The primary schools would serve students in pre-K through second grade and the intermediate schools would have students in third through fifth grade under the proposal the school district outlined in a news release Thursday.

The district said that a predicted decrease in state aid and increased costs could lead to a budget gap of $7 million to $8 million in the fiscal 2020-21 budget. The elementary school reconfiguration could save $660,000 to $780,000 by reducing the number of classrooms needed to serve students.

“By having an entire school use a primary or an intermediate instructional model, the district would be able to better focus instruction, curriculum and programming to continue to work toward its achievement and whole student goals,” the news release said. “The reconfiguration also would further the district’s equity goal by making elementary schools more like the district’s secondary schools, with more balanced demographic makeup and diversity.”

The model was developed by the district’s Enrollment and Facility Study Commission, which was formed to identify and recommend possible cost-saving initiatives to address projected declines in state aid.
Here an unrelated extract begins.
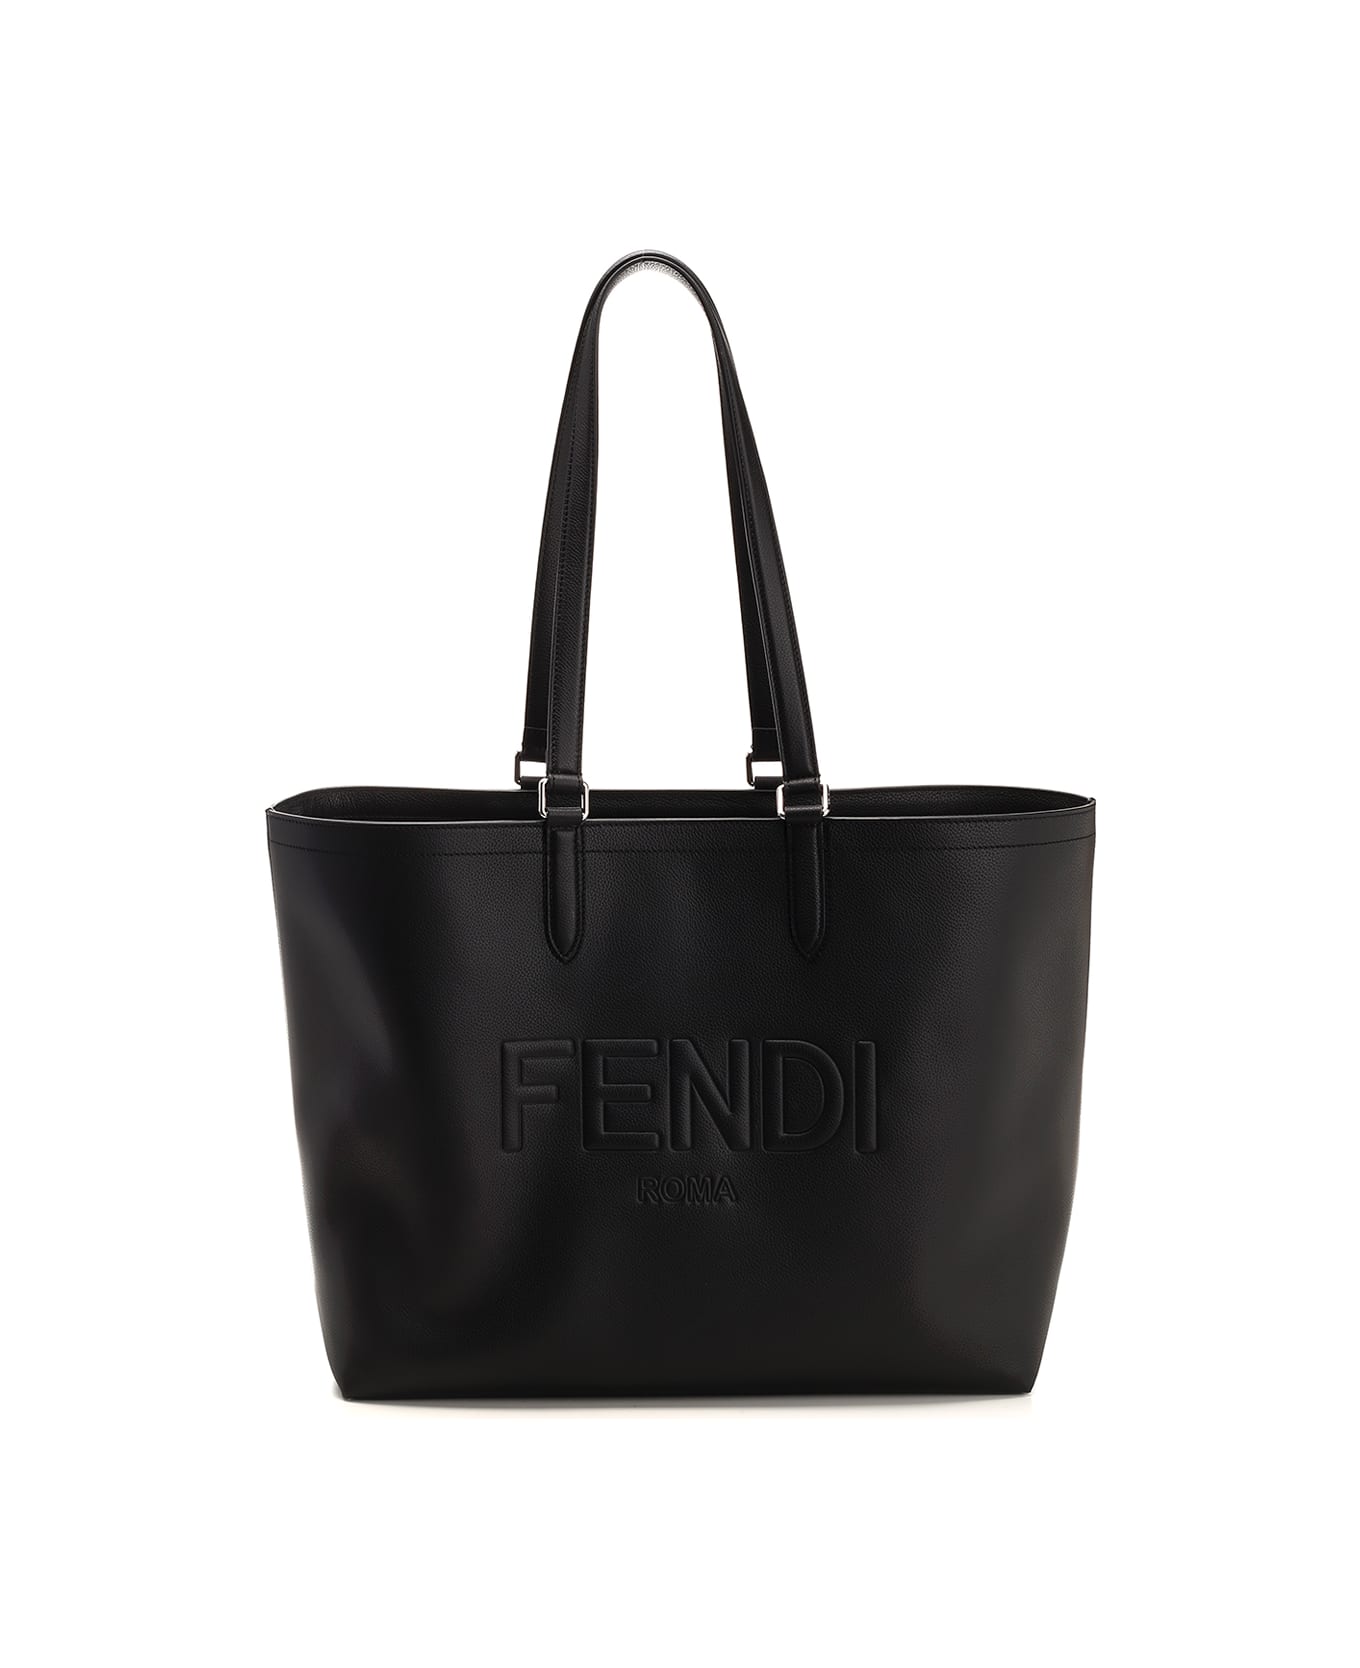 Fendi Tote Bag - Black

The commission’s final report stopped short of recommending a specific plan for reconfiguring elementary schools.

The district also has been looking at reconfiguring grade levels, as a cost savings measure. A facilities and enrollment study conducted last year generated several proposals for reconfiguring the district’s grade levels, but no action was taken after the community opposed a suggestion to consolidate two of the city’s three high schools in the district and form a single junior high school.

Board members also are expected to a hold a workshop Tuesday evening on renaming Riverton Elementary School after one of the city’s leading civil rights advocates, Gerald E. Talbot. Talbot, a longtime Portland resident, was the first African American elected to the Maine Legislature. He was an educator, author, historian, civil and human rights activist. He was also the founding president of the Portland branch of the NAACP. The board may schedule a second reading and public hearing for its Feb. 4 meeting.